Dataset records>
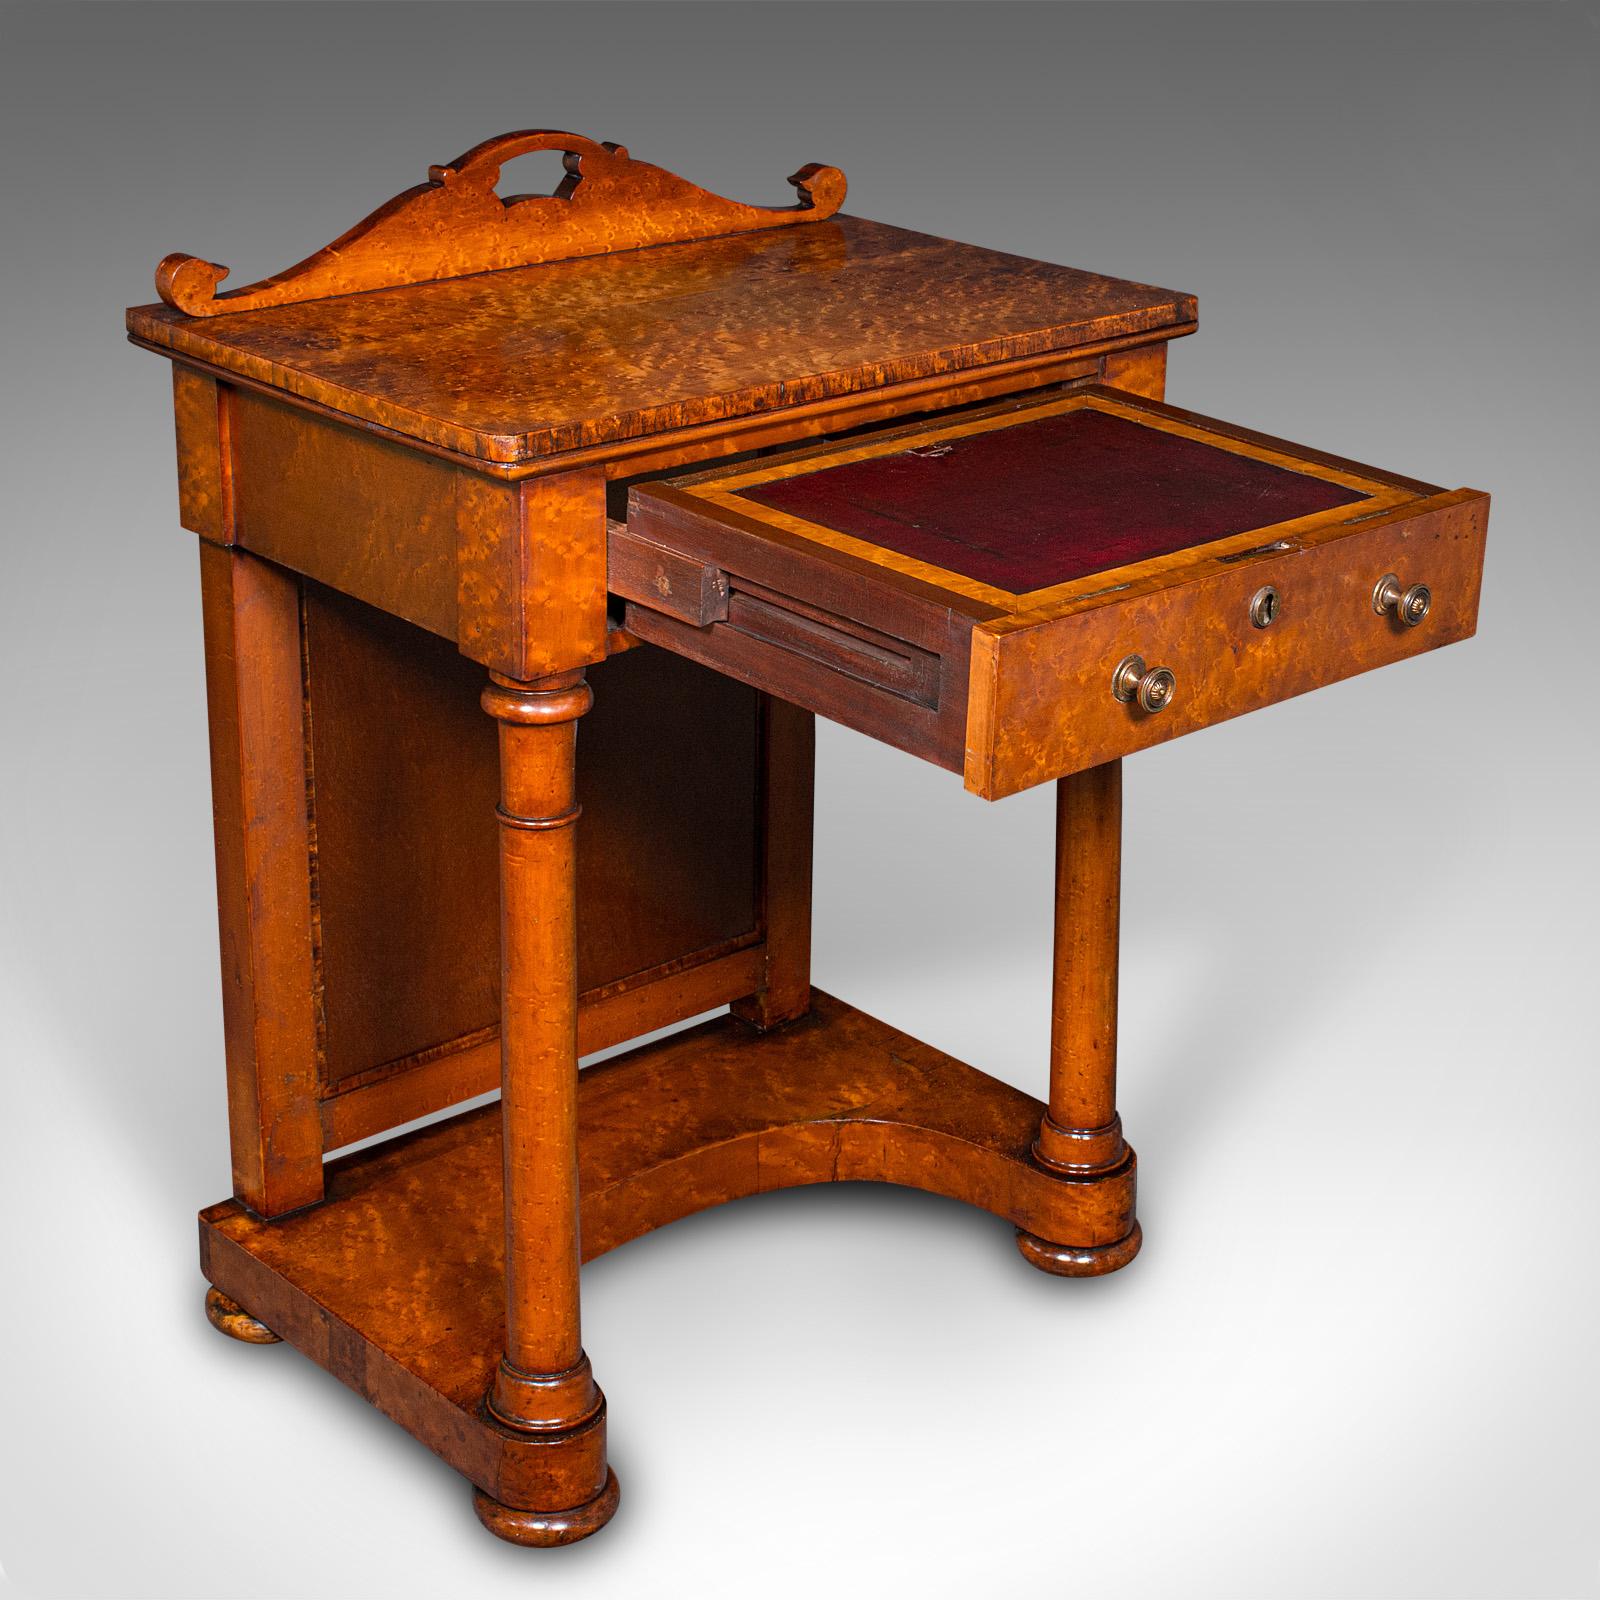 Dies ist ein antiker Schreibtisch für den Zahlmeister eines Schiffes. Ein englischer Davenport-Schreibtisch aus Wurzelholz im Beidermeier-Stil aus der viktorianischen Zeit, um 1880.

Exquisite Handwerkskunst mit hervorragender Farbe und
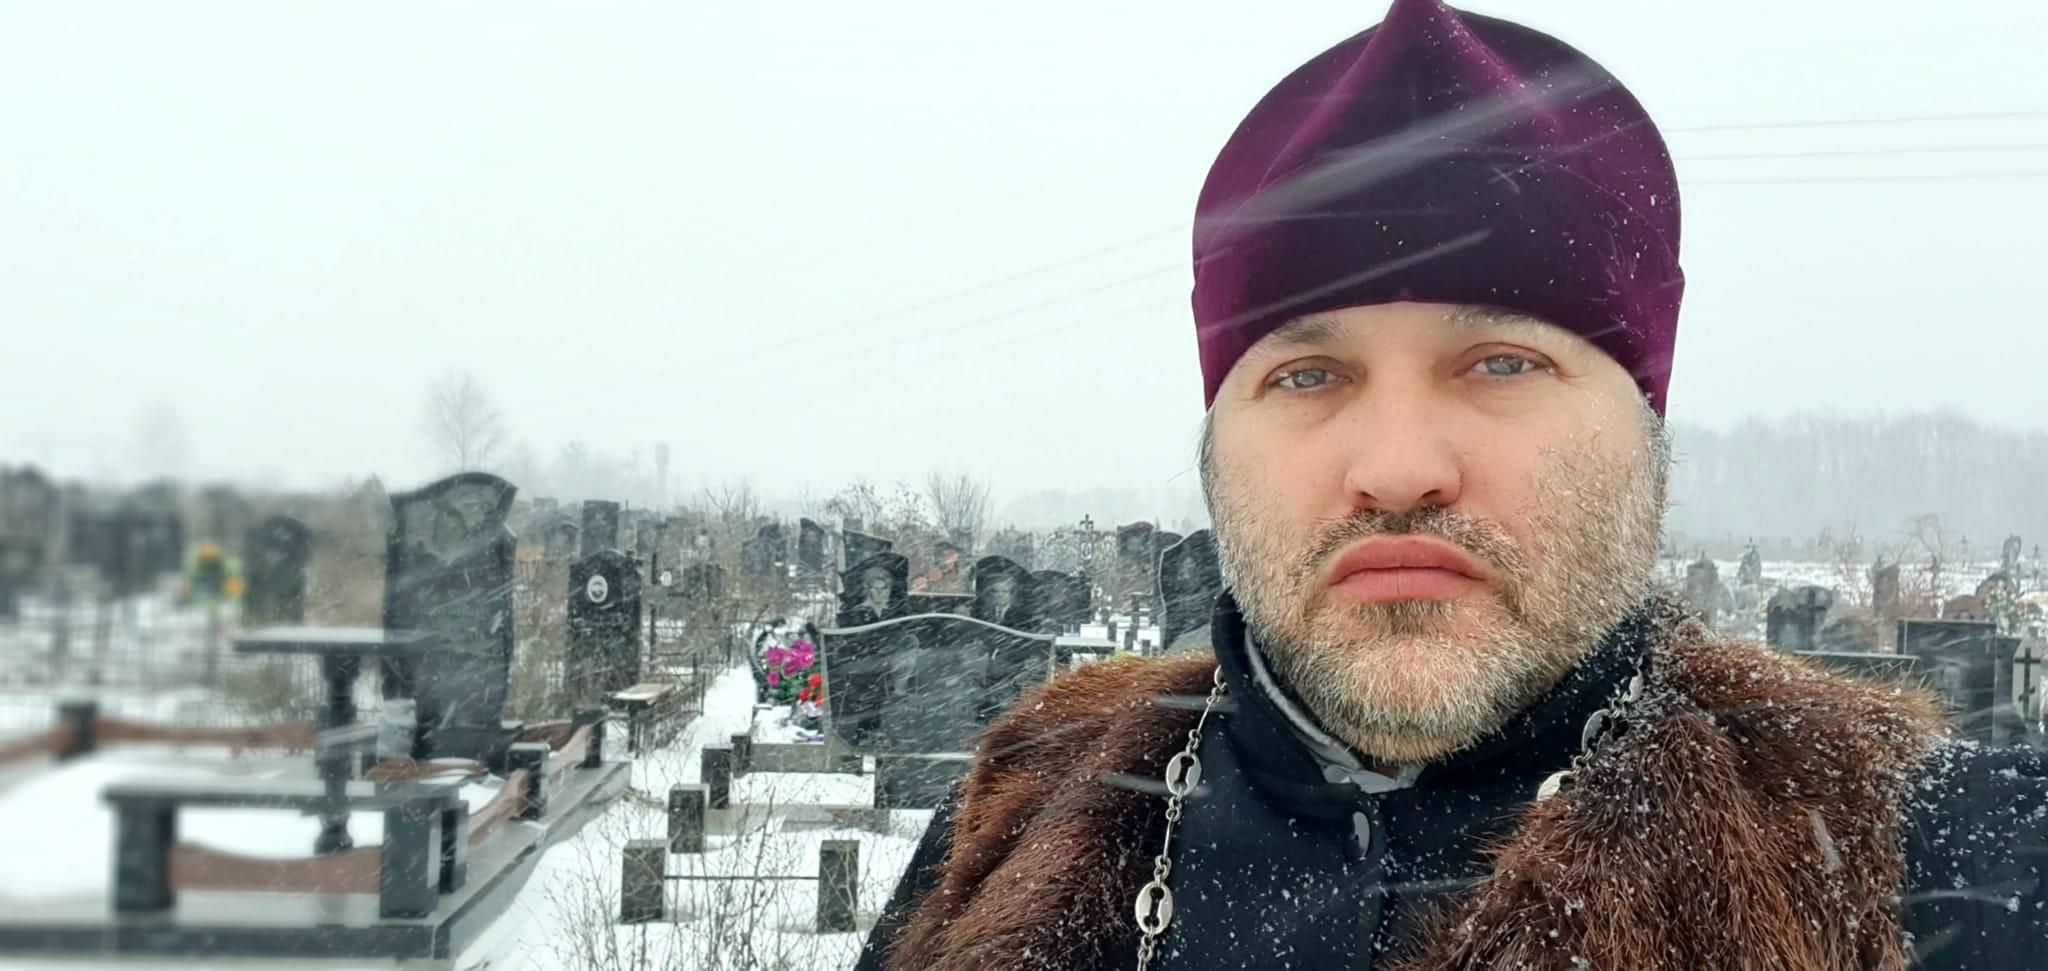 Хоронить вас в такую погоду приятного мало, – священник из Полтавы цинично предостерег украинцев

* * *

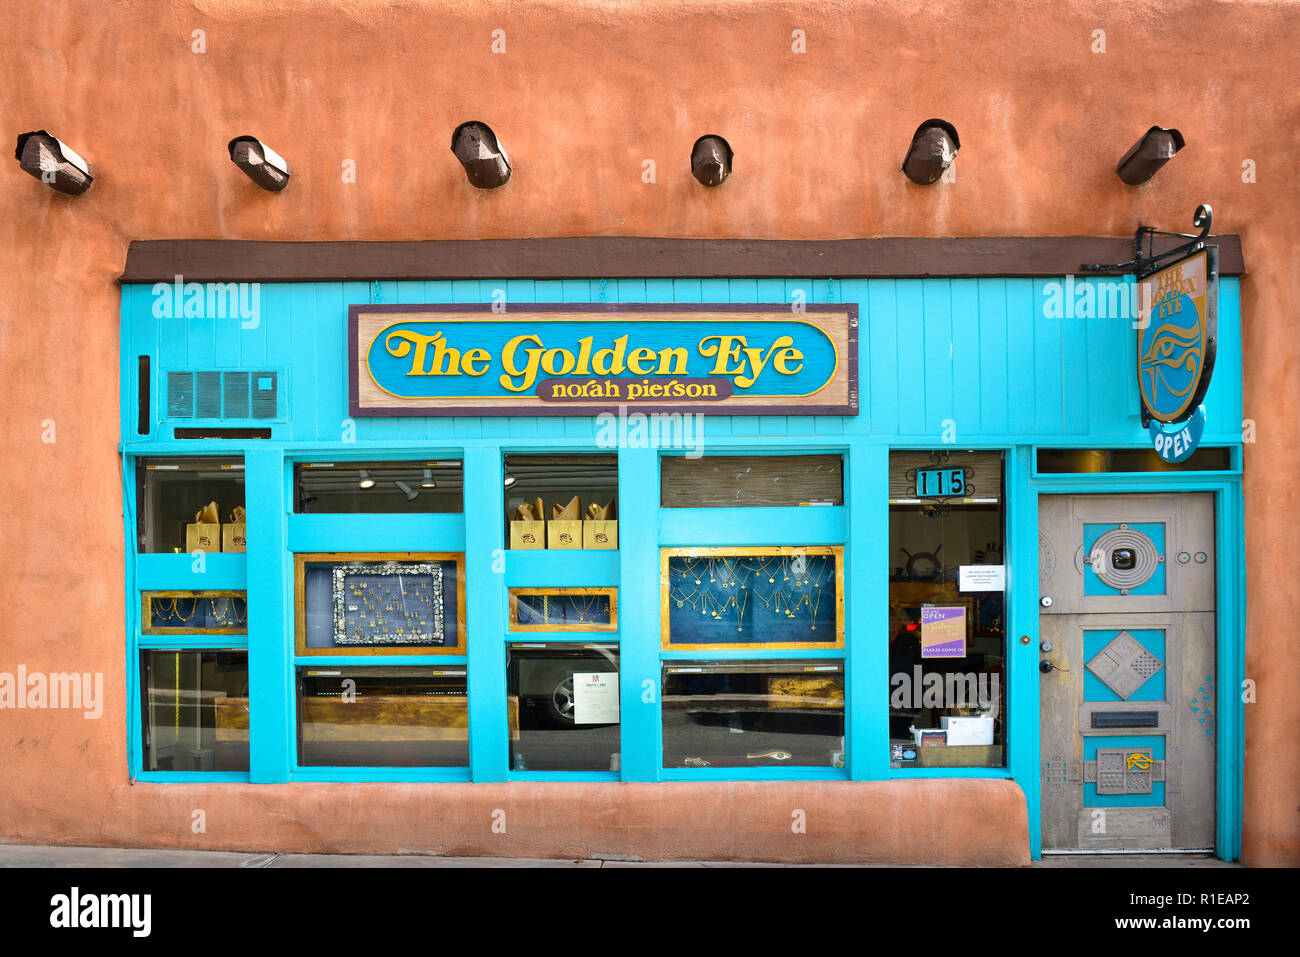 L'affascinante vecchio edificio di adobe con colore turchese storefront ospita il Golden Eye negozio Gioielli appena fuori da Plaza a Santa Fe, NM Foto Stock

Task instructions> From the data above, retype only the lines starting with the line with "Dies ist ein" and going on through the line with "Exquisite Handwerkskunst mit", exactly, leaving out the pictures.

Written response>
 Dies ist ein antiker Schreibtisch für den Zahlmeister eines Schiffes. Ein englischer Davenport-Schreibtisch aus Wurzelholz im Beidermeier-Stil aus der viktorianischen Zeit, um 1880.

Exquisite Handwerkskunst mit hervorragender Farbe und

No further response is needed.